NVIDIA published the full technical report for Nemotron 3 Super on April 17, 2026, detailing the architecture behind its open-weight model designed explicitly for agentic AI workloads. The 120B total parameter model activates only 12B parameters per token through a Mixture-of-Experts architecture, targeting the cost and latency problems that make multi-agent systems impractical at scale.
Architecture: Mamba-Transformer Hybrid with Latent MoE
The technical blog post explains that Nemotron 3 Super interleaves three layer types: Mamba-2 layers for linear-time sequence processing, Transformer attention layers for precise associative recall, and MoE layers for scaling parameter count without proportional compute cost.
The standout architectural choice is latent MoE. Standard MoE routes tokens directly from the full hidden dimension to experts. Nemotron 3 Super compresses tokens into a low-rank latent space before routing, allowing the model to consult 4x as many expert specialists for the same inference cost. According to NVIDIA’s blog, this enables “highly specialized routing, for example, activating distinct experts for Python syntax versus SQL logic, that are only activated when strictly necessary.”

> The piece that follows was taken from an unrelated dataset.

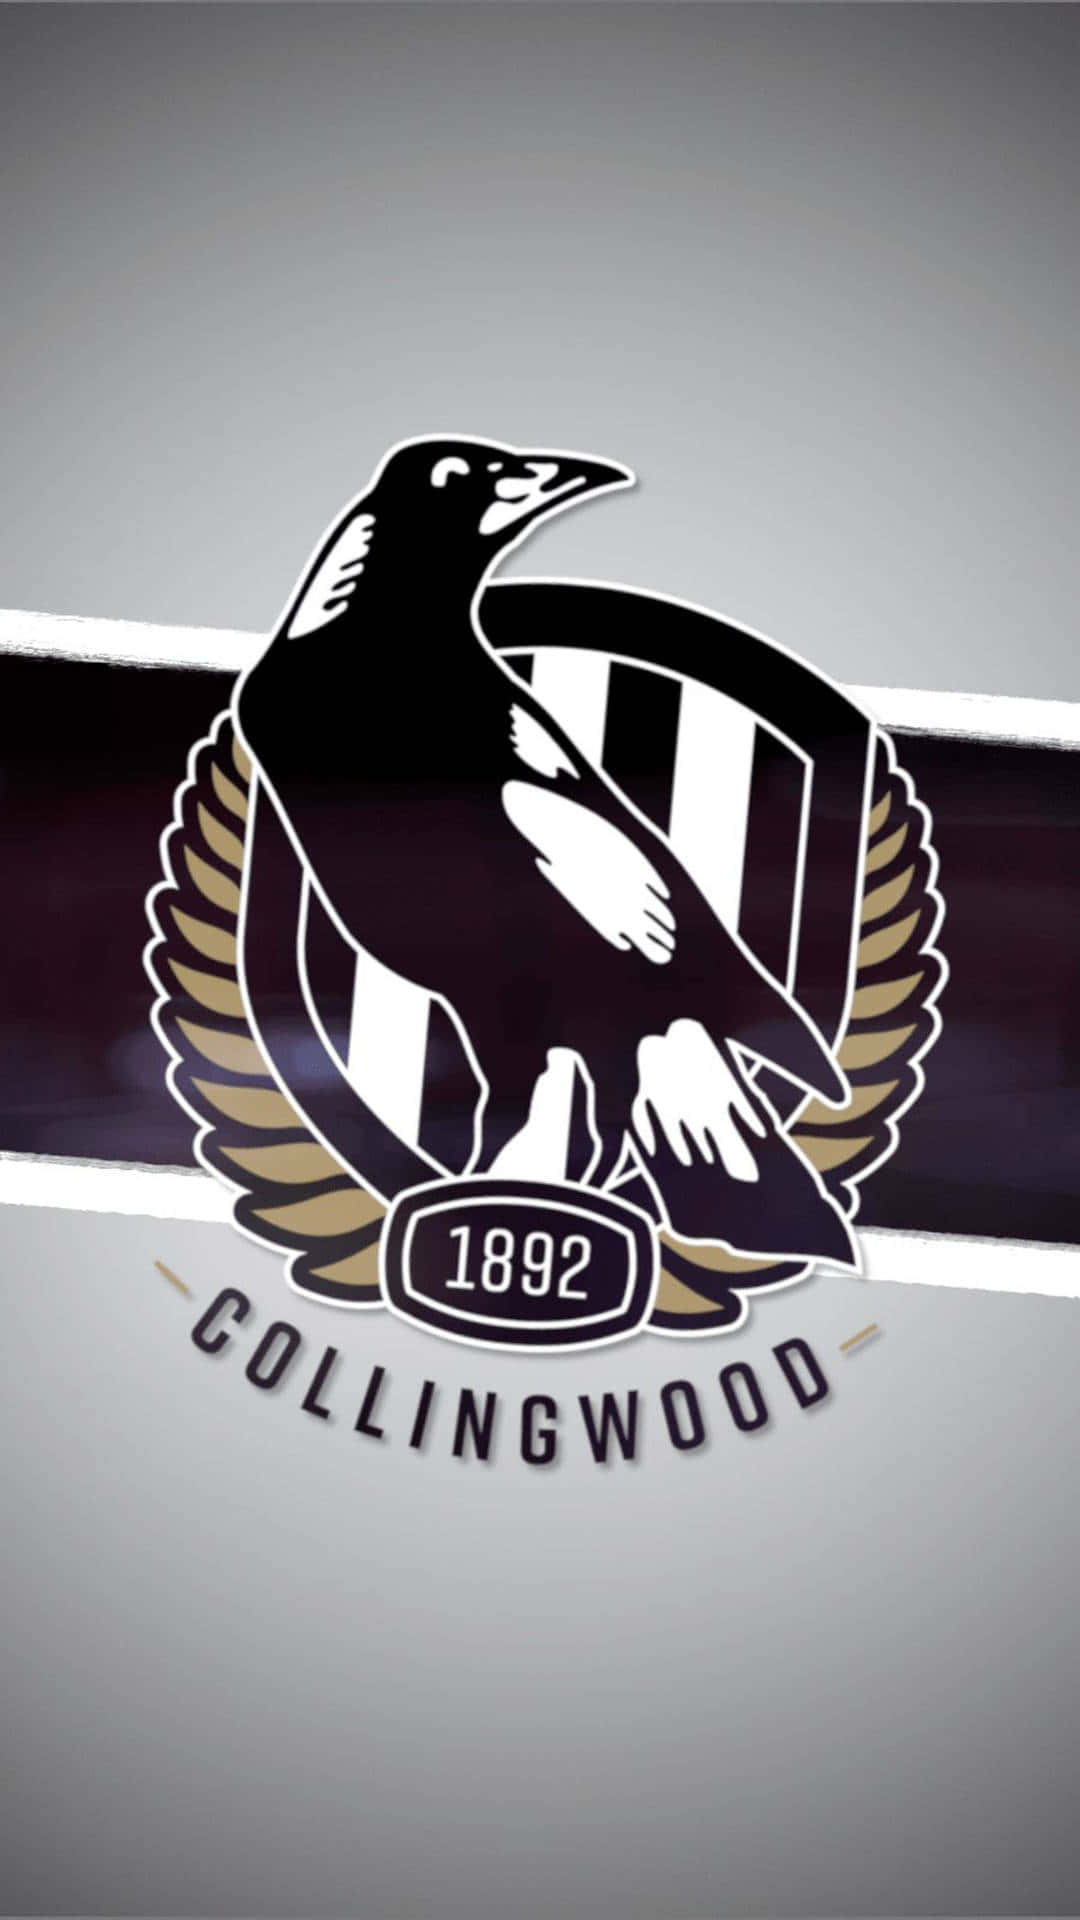 Collingwoodfc-logo

Multi-token prediction (MTP) heads predict several future tokens simultaneously from each position, enabling built-in speculative decoding at inference. NVIDIA reports up to 3x wall-clock speedups for structured generation tasks like code and tool calls, without requiring a separate draft model.
Performance and Context
The model ships with a native 1M-token context window, addressing what NVIDIA calls the “context explosion” problem in multi-agent systems, where agents re-send history, tool outputs, and reasoning steps at every turn. According to the technical blog, multi-agent systems generate up to 15x the tokens of standard chats.
On PinchBench, a benchmark measuring LLM performance as the brain of an OpenClaw agent, Nemotron 3 Super scores 85.6% across the full test suite, making it the highest-scoring open model in its class. NVIDIA reports over 5x throughput compared to the previous Nemotron Super.
Native NVFP4 pretraining on NVIDIA Blackwell hardware cuts memory requirements and speeds up inference by 4x on B200 GPUs compared to FP8 on H100, according to the model card. The model was post-trained with reinforcement learning across 21 environment configurations using more than 1.2 million environment rollouts.
Open Weights, Open Deployment
The model is fully open under the NVIDIA Open License with weights, datasets, and training recipes published. It is already available on Hugging Face, NVIDIA NIM, Ollama, and OpenRouter.
For agent builders evaluating open-weight alternatives to closed API models, the combination of 1M context, 12B active parameters, and the efficiency gains from latent MoE and MTP makes Nemotron 3 Super a direct competitor to proprietary agentic models. Teams running multi-agent orchestration on-premise or through NVIDIA partners can avoid per-inference API costs entirely.